论文地址《ImageNet Classifification with Deep Convolutional Neural Networks》

原始网络结构

        使用CNN+ReLu串行组合来进行特征提取,最后使用Dropout+Flatten+FNN进行分类预测

适配网络结构

  • 根据自己图像尺寸修改第一个CNN
  • 双层模型改为单层模型

 代码

class AlexNet(torch.nn.Module):
    def __init__(self):
        super(AlexNet, self).__init__()
        self.convs = nn.Sequential(
            nn.Conv2d(in_channels=1, out_channels=96, kernel_size=20, stride=2),
            nn.ReLU(inplace=True),
            nn.MaxPool2d(kernel_size=3, stride=2),

            nn.Conv2d(in_channels=96, out_channels=256, kernel_size=5, stride=1, padding=2),
            nn.ReLU(inplace=True),
            nn.MaxPool2d(kernel_size=3, stride=2),

            nn.Conv2d(in_channels=256, out_channels=384, kernel_size=3, stride=1, padding=1),
            nn.ReLU(inplace=True),

            nn.Conv2d(in_channels=384, out_channels=384, kernel_size=3, stride=1, padding=1),
            nn.ReLU(inplace=True),

            nn.Conv2d(in_channels=384, out_channels=256, kernel_size=3, stride=1, padding=1),
            nn.ReLU(inplace=True),
            nn.MaxPool2d(kernel_size=3, stride=2)
        )
        self.fc = nn.Sequential(
            nn.Dropout(0.5),
            nn.Linear(in_features=256 * 6 * 6, out_features=4096),
            nn.ReLU(inplace=True),
            nn.Dropout(0.5),
            nn.Linear(in_features=4096, out_features=4096),
            nn.ReLU(inplace=True),
            nn.Linear(in_features=4096, out_features=20)
        )

    def forward(self, x):
        batch_size = x.size(0)
        x = self.convs(x)
        x = x.view(batch_size, -1)
        x = self.fc(x)
        return x

4.5 GoogLeNet 2014

论文地址《Going deeper with convolutions》

原始网络结构

        GoogLeNet主要是由9个称之为Inception的模块堆叠而成,每个Inception的模块如下图(b)所示,即从一个Layer中分出4个小CNN模块,最后将4个小CNN模块进行拼接组合。

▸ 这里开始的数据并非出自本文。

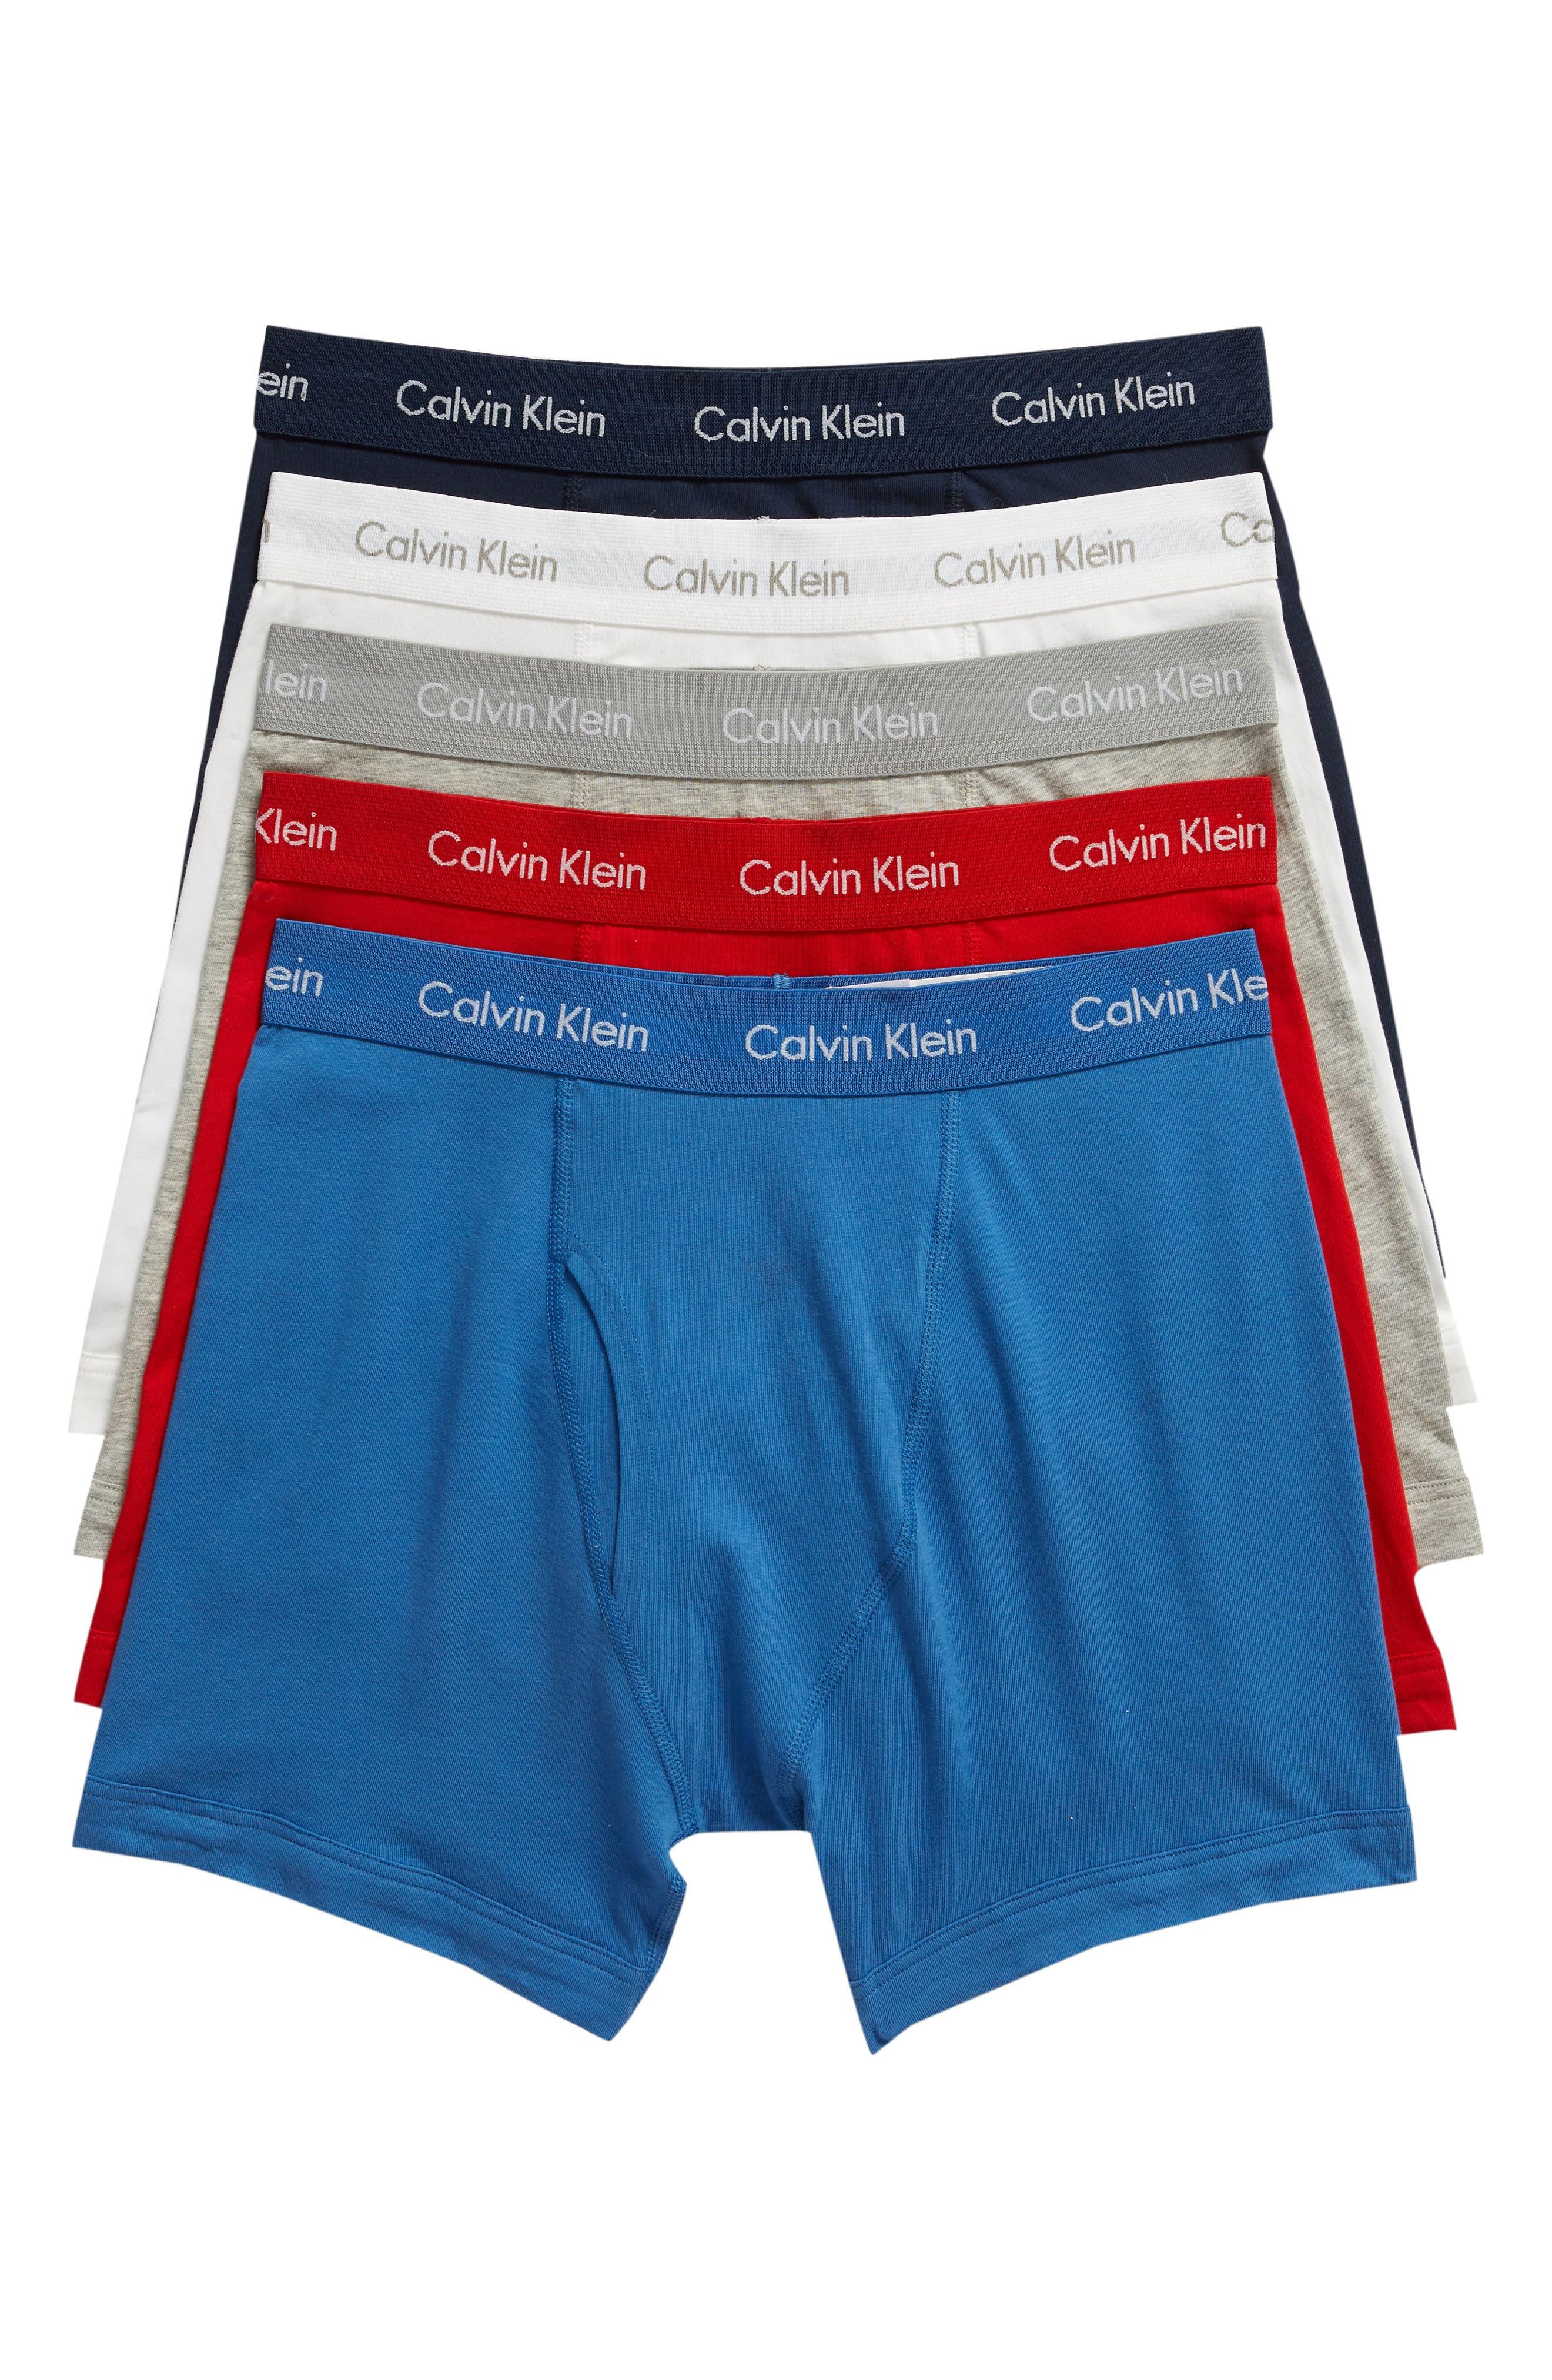 CALVIN KLEIN 5-Pack Boxer Briefs, Main, color, 403
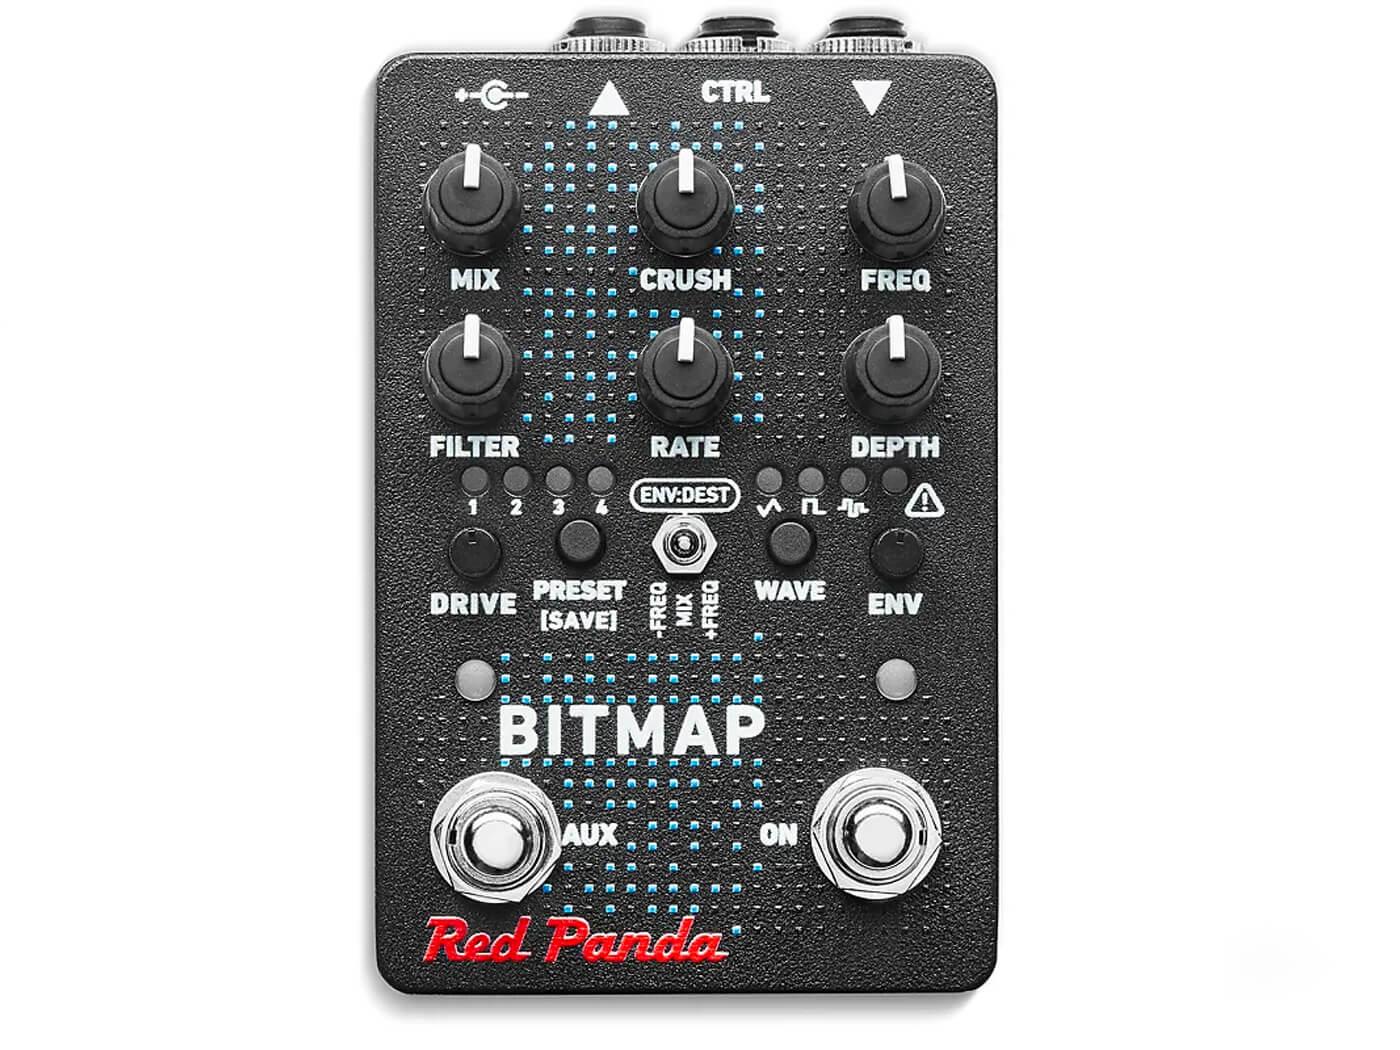 Red Panda Bitmap 2 Bit crusher stompbox

        关于为什么要怎么做,作者的理解是其实在CNN中一直有个困扰大家的问题,即Kernal的尺寸和深度到底要怎么选?粗鲁的做法是,如果不知道怎么选那我们将所有的可能性都先列出来,即下方的1*1、3*3、5*5的Kernal,然后使用类似机器学习中的Soft-Voting做法来给每个小CNN模块一个权重。

        除此之外,这个做法和2018年RestNet的做法又有异曲同工之妙,ResNet在下面4.7中会介绍,读者可先看完GoogLeNet和ResNet网络之后再思考此问题。

        为什么说异曲同工之妙呢,因此残差机制的直观理解就是可以恒等映射,跳过几个效果不好的CNN来提高深度,在这里,我们使用了1*1的Kernal,其实也可以认为是恒等映射,我们极端的讲好了,如果3*3、5*5的卷积效果都不好,那网络都给他们权重都是0好了,那自然这4个小CNN模块只有1*1的CNN模块有效了,若这个1*1的CNN权重参数均为1,那就是完全的恒等映射了。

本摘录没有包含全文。